The interpretation of the term “internationalisation” Knight refers to is indeed a fairly new one, altering the aim of internationalisation from a rather implicit objective of universities and science to an explicit, strategy-bound goal. Internationalisation is no longer a purpose of science in itself, that is referring to the universality of “university”, but it is following economical and political guidelines with institutions of HE as suppliers of a certain good.
Enders characterises the present role of institutions of higher education as “multi-purpose or multiproduct institutions” (2002:2) that have certain functions in society. They “contribute to the generation and transmission of ideology, the selection and formation of elites, the social development and educational upgrading of societies, the production and application of knowledge and the training of the highly skilled labour force” (Enders 2002:2). Merely all these functions depend on the one base function already included above: The production and distribution of knowledge.
Although knowledge is the underlying principle, traditionally this good (“knowledge”) was rather neglected by society and the prime focus was on the other, secondary functions. As Peter Drucker (1994) points out, knowledge and people dealing with knowledge – in a broader sense – have just getting important in society in the course of the 20th century, and in a very fast move. “Knowledge workers, even though only a large minority of the work force, already give the emerging knowledge society its character, its leadership, its central challenges and its social profile. They may not be the ruling class of the knowledge society, but they already are its leading class.” (Drucker 1994) In our context, the conclusion Drucker derives from the emergence of the knowledge worker is of even greater importance. He states, that “In the first place, the knowledge worker gains access to work, job and social position through formal education.” (1994) Thus if it comes to knowledge the world society obviously has undergone changes in the last century, that directly affect universities as one of the most important providers of formal, postsecondary education and knowledge.
Altbach (1999:15) summarizes the task of modern universities in the knowledge society as being “the most important institution in the complex process of knowledge creation and distribution, serving as home not only to most of the basic sciences but also to the complex system of journals, books, and databases that communicate knowledge worldwide.” Additionally the emerging importance of knowledge and herewith that of universities is directly affected by several other changes, technical and political.
With the end of the cold war and the political changes of the end 80ies, beginning 90ies the exchange of knowledge has increased rapidly. As pointed out earlier, before 1990 the transfer of knowledge was limited mainly due to the political constellations. One important effect of the political changes in eastern Europe first of all was, that education markets in eastern Europe were starting to grow fast. The political upheaval was closely followed by economical changes, usually subsumed under the term “globalisation”. Besides, the speed of exchanging knowledge has increased significantly, mainly due to new, faster means of communication and knowledge exchange. This revolutionary process was mainly generated with the growing importance of the internet and the quick spread of knowledge through electronic data transfer. One example that illustrates the impact of the internet on science are scientific journals, that have centupled every few years from just 7 in 1991 to more than 6000 in 2002. Peter Drucker thus anticipates in his speech at Harvard University about the knowledge society, what has been getting real just a few years later: “education will become the centre of the knowledge society and schooling its key institution.” (Drucker 1994).

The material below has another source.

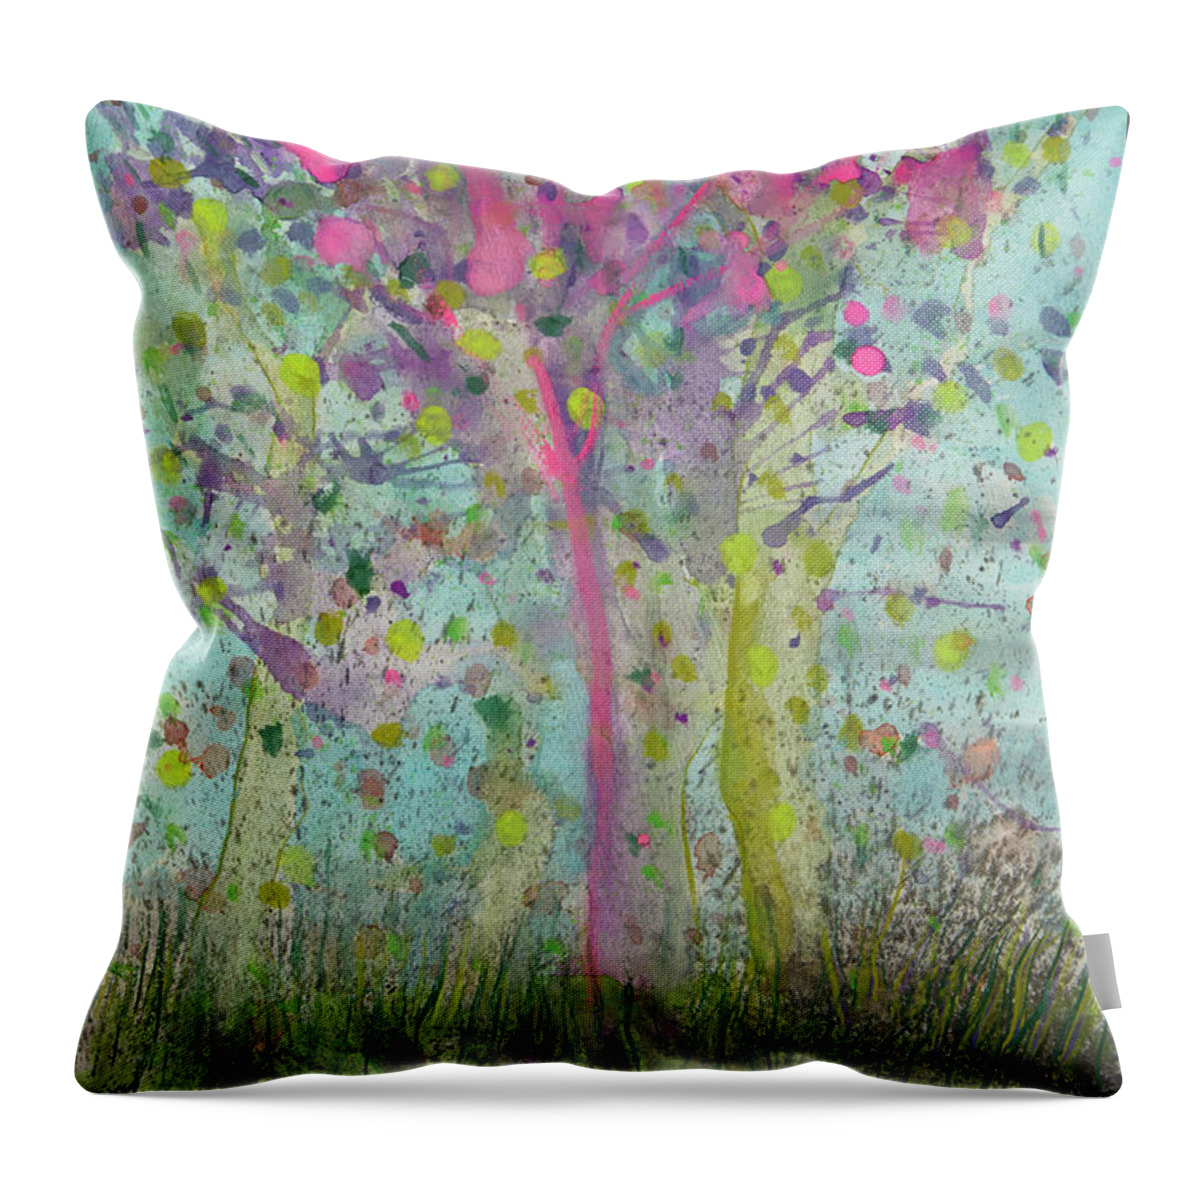 Abstract Throw Pillow featuring the painting Beauty of Life by Tessa Evette

Different stakeholders in the “production” of knowledge in higher education can be identified. Each stakeholder has its interest, costs and benefits in the internationalisation of the production of knowledge. Following, these interests will be characterised.
Governments are still in most countries of the world bearing the major financial risk of institutions of higher education. On the other hand economies as a whole might benefit from the “brain gain” through international students and researchers. Long lasting relationships between host and home country might have additional positive economic effects. A study undertaken in Britain in 1995 estimated, “that international students tuition fees and associated expenditure […] generated an excess of 1 billion £ a year in invisible exports” (Elliot 1998:41) Focusing on the impact internationalisation has on governmental decisions and society as a whole, David Throsby remarks: “The resources committed by sending countries to supporting their students in travelling abroad, and by host countries in providing tuition and other services for incoming students, all have opportunity costs to the respective national economies.” (1999:26). How Government policy influences the internationalisation strategy of the UoB will be discussed in detail in chapter four.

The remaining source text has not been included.